Background: Reinforcement Learning and Emergent Communication

In a typical (single-agent) Reinforcement Learning (RL) set-up, an agent interacts with an environment through taking actions based on its observations. For example, imagine that the agent is a computer program playing a video game. The observations that it receives could be just like the ones a human player would see, e.g. an image of the game’s screen. Similarly, the actions it could take would be the same as the human; this could correspond to pressing the arrow keys to move or the spacebar to jump.

To train the agent to play the game, we give it rewards when it does something good, and penalties if it does something bad. We then use clever mathematics and algorithms to have it learn to maximise these rewards.

The multi-agent setting extends this basic set-up to the analogous case of a multiplayer game, where many people connect to a centralised server to cooperate or compete on different problems. For games that require well-executed coordination, communication between players is essential. We can model this in the MARL framework by allowing agents to send discrete messages to one another at the same time that they take actions in the environment. The overall setup looks like the following diagram:

When we train a population of agents in this scenario, something quite interesting happens. At the beginning of training, we as programmers have not assigned any meaning to the messages that the agents can send. In contrast, with actions we have ‘assigned meaning’ in the sense that when the agent selection “action 0” we have mapped this to the “spacebar” action that a human would usually press. And the designers of the game have assigned the spacebar the “meaning” of a jump for the player’s character, or something like that depending on the game.
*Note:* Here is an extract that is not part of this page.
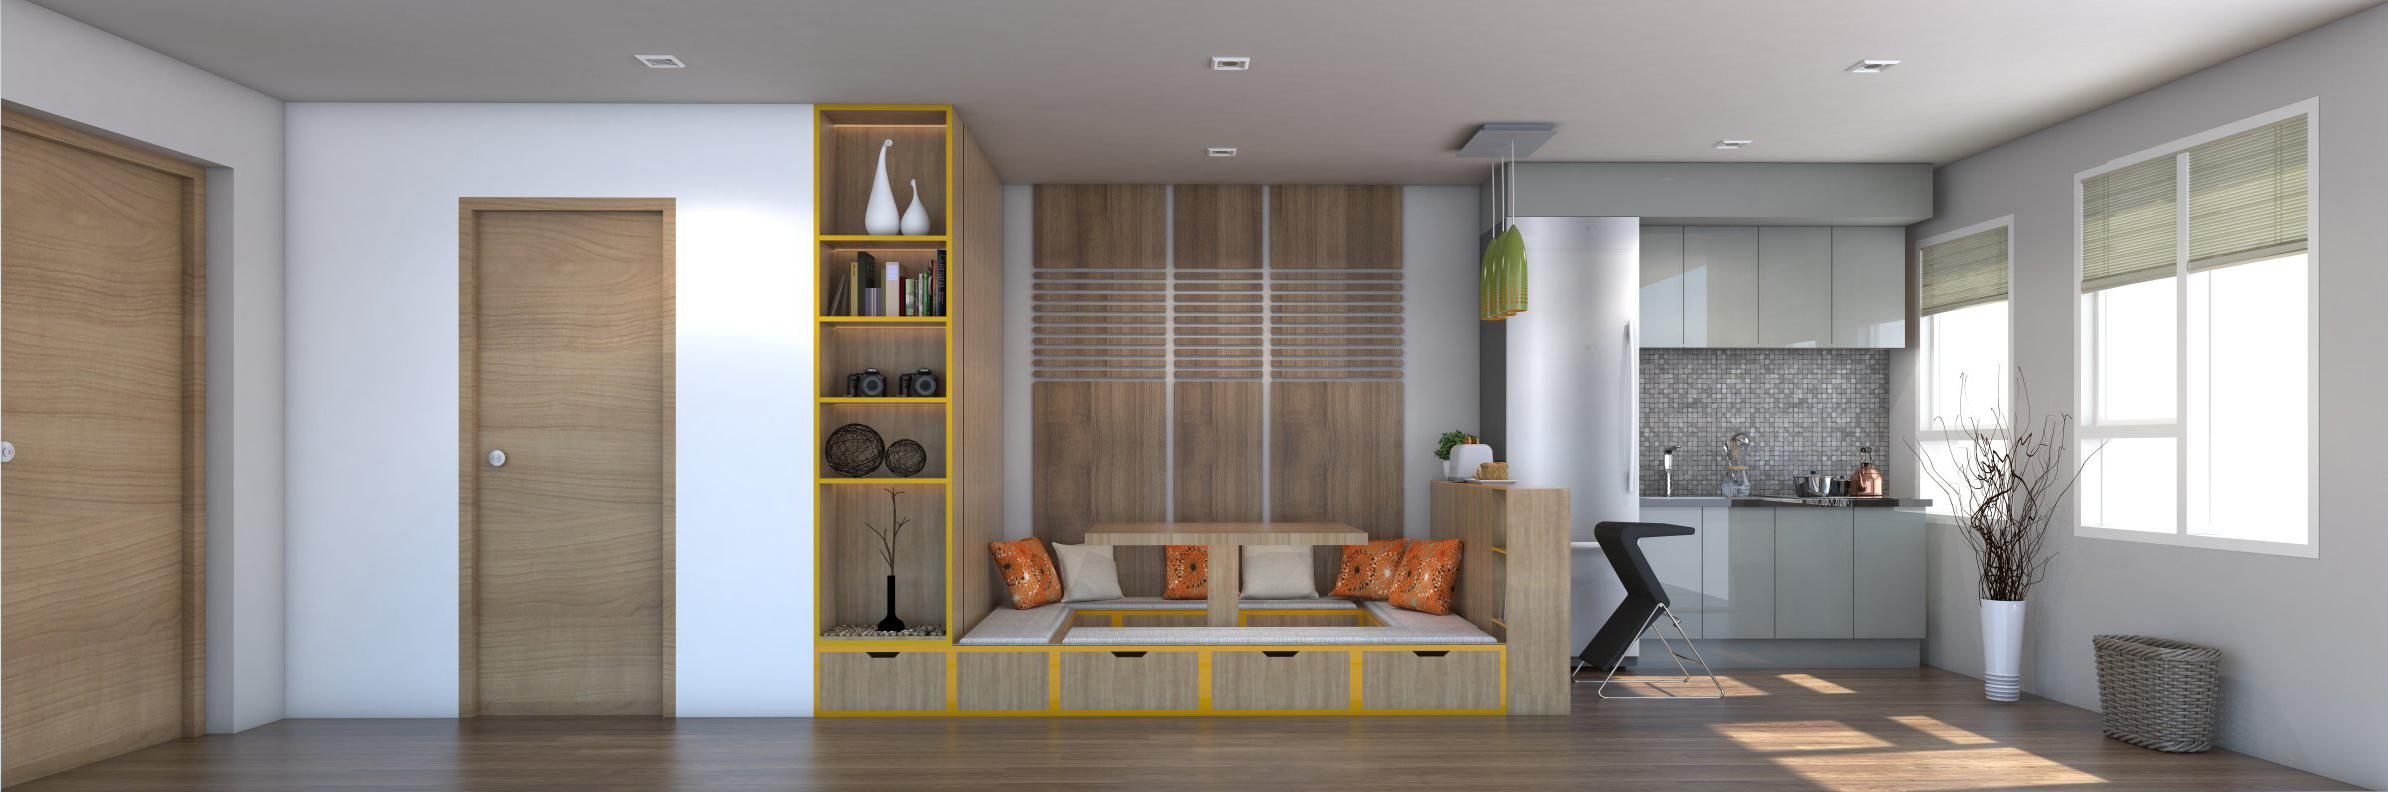 xiao-yan-public-rental-housing-mfa-1_17022031073_o.jpg

This means that the meaning of messages emerges through the training process. Or in slightly over-anthropomorophic terms: the agents find for themselves a communication system that serves their goals. We call the area of studying investigating this processes Emergent Communication, and since the rise of deep learning for MARL it has had a renewed interest.

My Research: Cooperative Language Acquisition

So with emergent communication we can create a population of agents that solve some task by developing their own communication “language”. Studying the strategies and protolanguages that are developed is interesting in its own right, but an key issue here is that these languages are essentially private. It is very difficult to decode what the messages mean to the agents, and the agents cannot adapt their communication strategies to new interlocutors.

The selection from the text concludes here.